Mittwoch, 17. Juli 2013

Do Huu Ca, Chief of the Hai Phong City Police, on July 13 was promoted to General

Đoan Trang - No one knows exactly what achievements he has made in the recent years to be promoted. However, just listen to what Ca said about the Tien Lang land eviction. The interview was conducted by VnMedia on January 8, 2012, three days after the incident.

The language Ca spoke is typical of the communist idiosyncrasy which can be found abundant in Chinese and Vietnamese propaganda materials. Moreover, what he spoke of also demonstrates the mindset of a communist police which is too familiar with suppression of “anti-state elements” and "hostile forces".

- The eviction is under the jurisdiction of the [Tien Lang] District. They just reported to me that there would be an eviction as such, and asked for troops. I just signed the grant of troops. The District took responsibility for implementing their detailed plans. Obviously, however, as soon as Comrade Mải [Chief of theTien Lang police, one of the six policemen injured in the case – note by the interviewer] comes back from hospital will I organize experience-sharing meeting.

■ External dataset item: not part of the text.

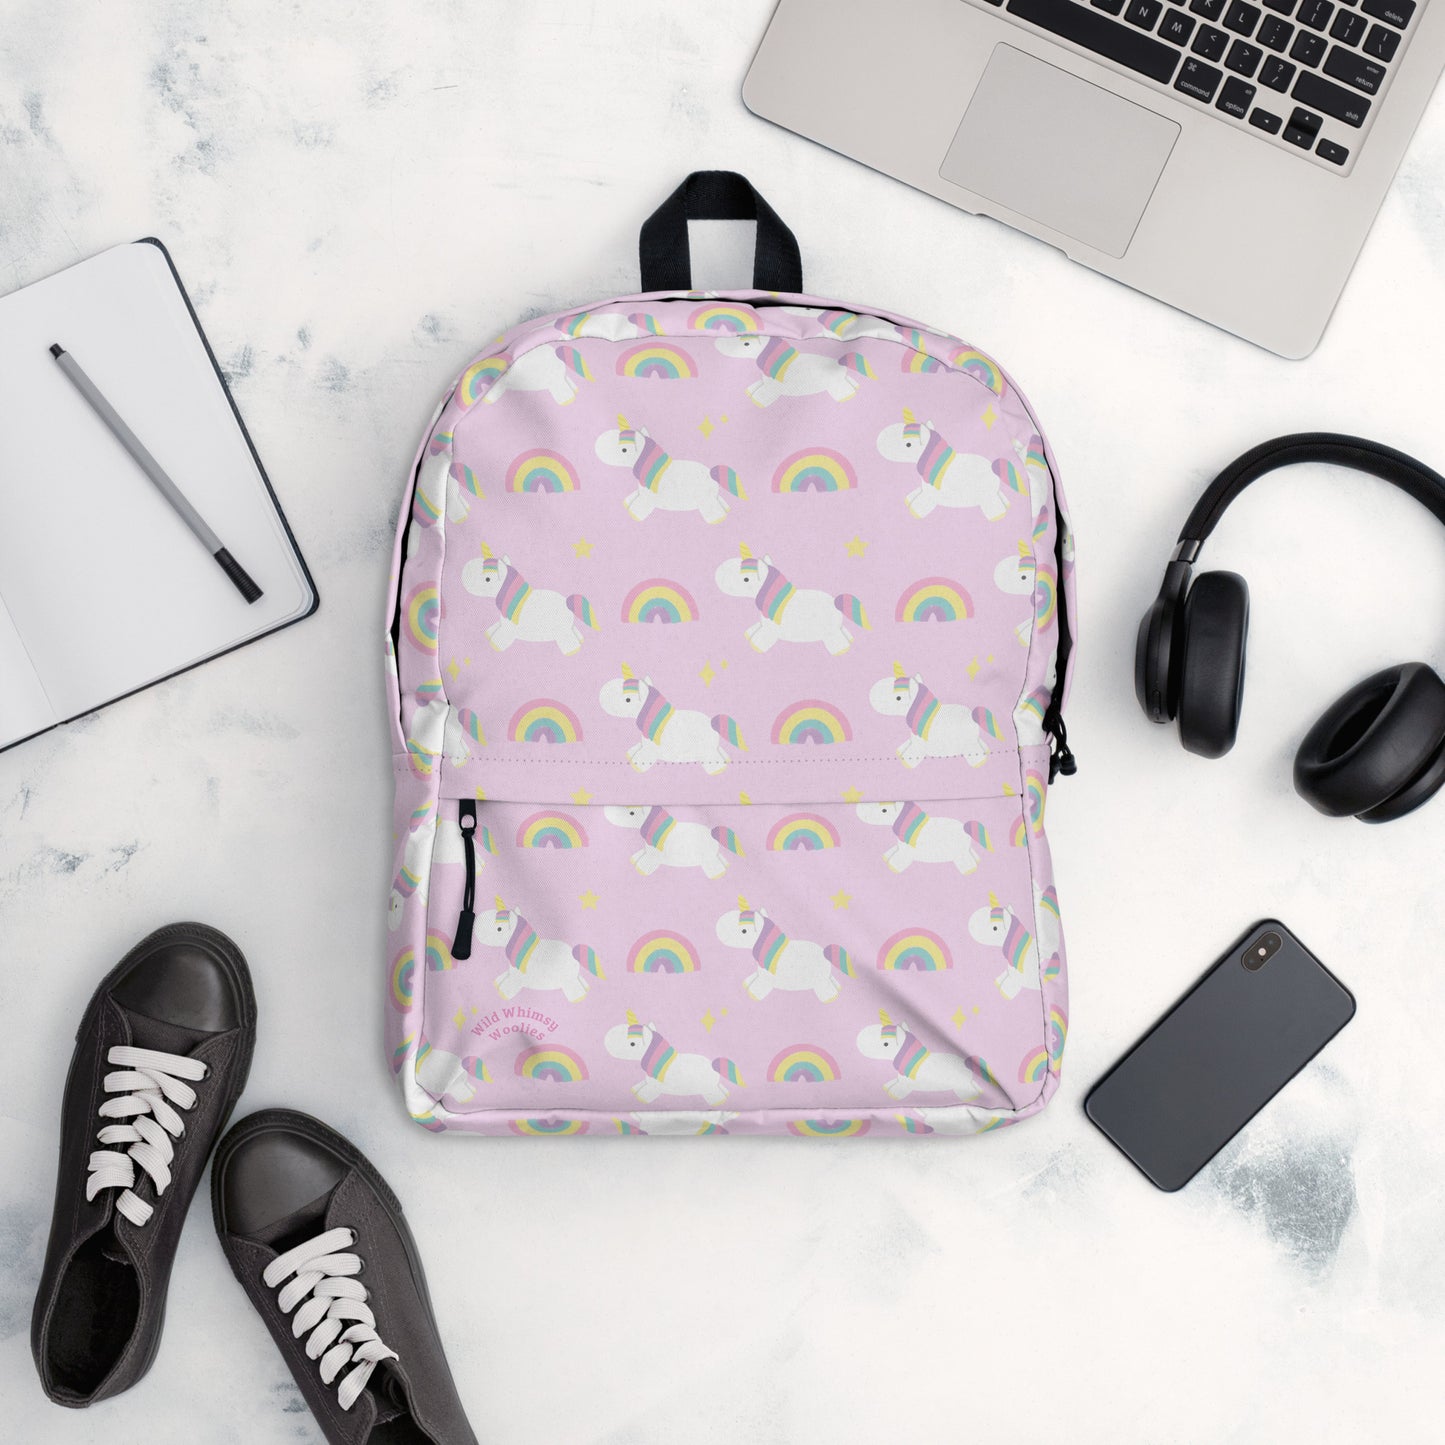 Rainbow Unicorn Backpack - Light Pink by Wild Whimsy Woolies
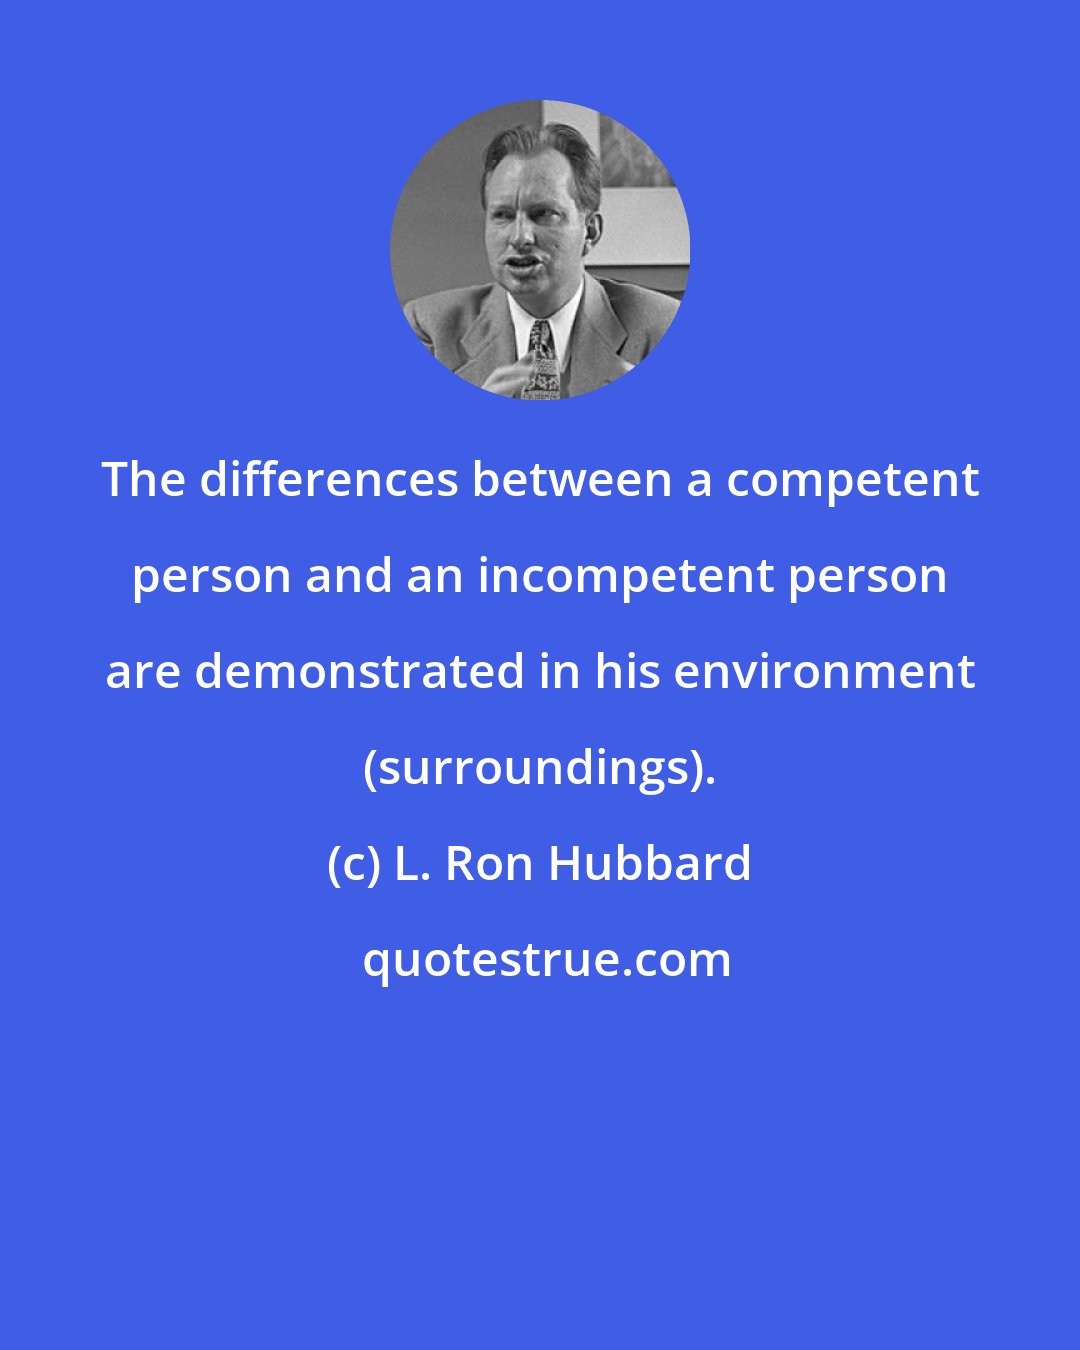 L. Ron Hubbard: The differences between a competent person and an incompetent person are demonstrated in his environment (surroundings).

(Question: Regarding the eviction in Tien Lang, there have been opinions that it is not worthwhile to deploy hundreds of troops just to grab a shrimp swamp, especially as many could be injured. What’s your opinion on that, Colonel?)

- Actually what you are asking is also what some officials are thinking. I have told them that their perceptions were all wrong. The seizure of a swamp was a very normal thing to do - an administrative proceeding under the jurisdiction of that District. The proceeding was just mediocre, and the performers were rightful. Eight reconciliation efforts had failed, the court has also issued a verdict, but Vuon stubbornly clung to the swamp and refused to return the swamp to local authorities. The local authorities thus had to vacate him, and that was absolutely lawful.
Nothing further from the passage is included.